Уже в XIV веке начались реконструкции, не учитывавшие изначальный замысел создателей собора. А в XVIII веке подобное вмешательство стало катастрофическим.

Сначала Людовик XIV (Король-Солнце) решил облагодетельствовать Нотр-Дам и выполнить обет, данный его отцом Людовиком XIII (это тот самый, которого в кино сыграл Олег Табаков). Тот пообещал Господу построить в храме новый алтарь в благодарность за рождение сына, но не успел выполнить обещанное. А сын, к сожалению, выполнил. И поместил внутрь строгого, мрачноватого готического строения пышный мраморный «торт» в духе своего времени.

Много вреда принесли в том же веке и учёные архитекторы, считавшие себя образцом вкуса. Они украшали лаконичное здание лепниной, а главное, попортили много средневековых витражей, которые изначально делались из несовершенного стекла XII–XIII веков, слишком толстого, с вкраплениями пузырьков. Но тогдашние мастера другого материала не знали и работали с ним настолько виртуозно, что мутноватые стёклышки ловили солнечный свет максимально эффективно, так что выложенные изображения играли всеми цветами, ярко и по-разному, в зависимости от времени дня.

Это делали простые ребята-ремесленники. А в XVIII веке за дело взялись академики и едва не погубили уникальные витражные «розы» в стенах собора. По счастью, до всех витражей их руки не дошли.

Другая беда подстерегала собор после Великой Французской революции. Преобразователи жизни почему-то выкорчевали шпиль-колокольню. Они в принципе собирались ликвидировать религию как орудие мракобесия. Были даже отпечатаны пособия по взрыву готических храмов. Когда выяснилось, что французский народ в массе такие действия не одобряет, революционеры решили переименовать Нотр-Дам в храм Разума. Вынесли из него церковную утварь, запретили звонить в колокола, а вместо статуй святых установили трёх чудовищ, изображавших католического священника, протестантского пастора и раввина.

К счастью, император Наполеон вернул всё на места и закрепил возврат своей коронацией в храме.

Не покидай меня, безумная мечта!

Наполеон отменил гонения на церковь, но отлаженная веками система взаимодействия церкви и государства нарушилась. В результате в начале XIX века главный парижский храм пришёл в упадок. Общественное настроение склонялось к его сносу. И тут на помощь собору пришёл литератор.

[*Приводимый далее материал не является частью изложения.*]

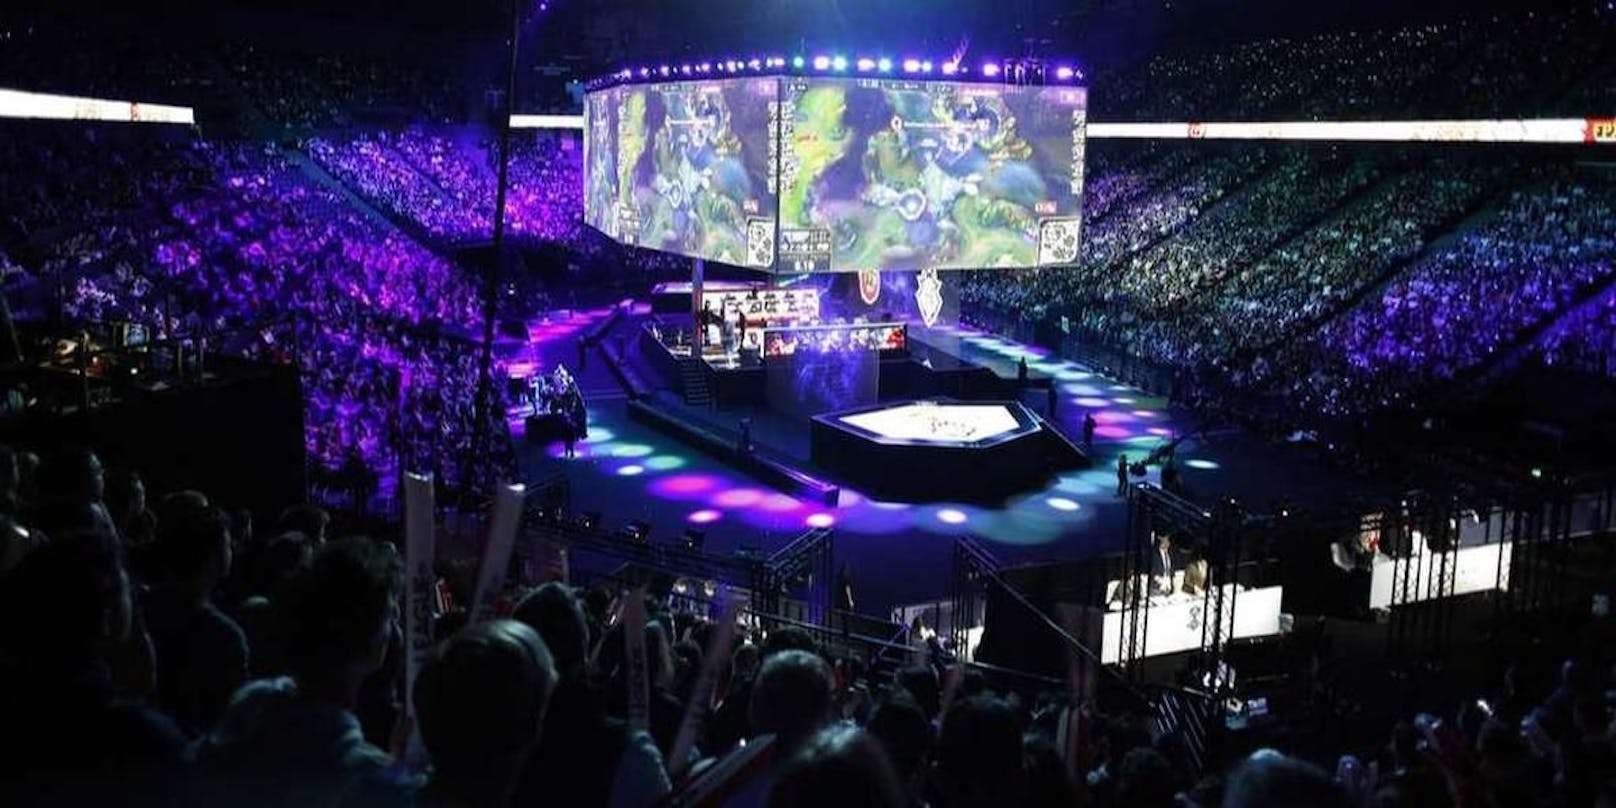 Zum Strategiespiel "League of Legends" werden die größten E-Sport-Turniere abgehalten.

«Собор Парижской Богоматери» Виктора Гюго взорвал мозги французов, заставил их полюбить не только героев романа, но и место, в котором происходит действие. Под давлением общественности правительство выделило деньги на восстановление исторической реликвии, собирались и частные взносы.

Реставрацию возглавил Эжен Виолле-ле-Дюк. Он восстановил полуразрушенное здание, заменил разбитые статуи и установил множество новых, ранее не существовавших. Например, страшноватые химеры – это изобретение ле-Дюка. На эту идею его натолкнули горгульи, существовавшие в храме со средних веков. Разница лишь в том, что вертикально торчащие из стен горгульи – это технические сооружения, водостоки, стилизованные под чудовищ, а химеры стоят на карнизах собора без технической необходимости, просто для забавы и ради нагнетания жути.

Ещё архитектор восстановил снесённый революционерами готический шпиль и установил вокруг него фигуры апостолов, один из которых, Фома, кстати, был скопирован с него самого.

Принцип работы ле-Дюка был таков: «Реставрировать здание не значит подновлять его, ремонтировать или перестраивать; это значит – восстанавливать его завершённое состояние, какого оно могло и не иметь никогда до настоящего времени».

Иначе говоря, архитектор «восстанавливал» средневековые объекты не такими, какими они были в прошлом, а в соответствии со своими представлениями о том, каким это прошлое должно быть. То есть – реконструкция динозавров.

Именно поэтому противники Эжена говорили, что «после его реставраций нельзя собрать даже обломков прошлого».

Говорите, пожар уничтожил уникальную старину? Ну-ну.

И после смерти мне не обрести покой

Кстати, о пожарах. Почему бы не освежить в памяти недавние события?

Вот как горела крыша и плавились свинцовые пластины на ней: «…На самой верхней галерее, над центральной Розой, между двух колоколен, поднимается яркое пламя, окруженное вихрями искр… Под тёмной балюстрадой… две водосточные трубы, словно пасти чудовищ, извергают жгучий дождь, серебристые струи которого сверкают на темной нижней части фасада. По мере приближения к земле оба потока жидкого свинца разбрызгиваются, как вода, льющаяся из лейки. А над пламенем громадные башни, у которых одна сторона была багровая, а другая – совершенно чёрная, казалось, стали ещё выше и достигали безмерной величины отбрасываемых ими теней, тянувшихся к самому небу».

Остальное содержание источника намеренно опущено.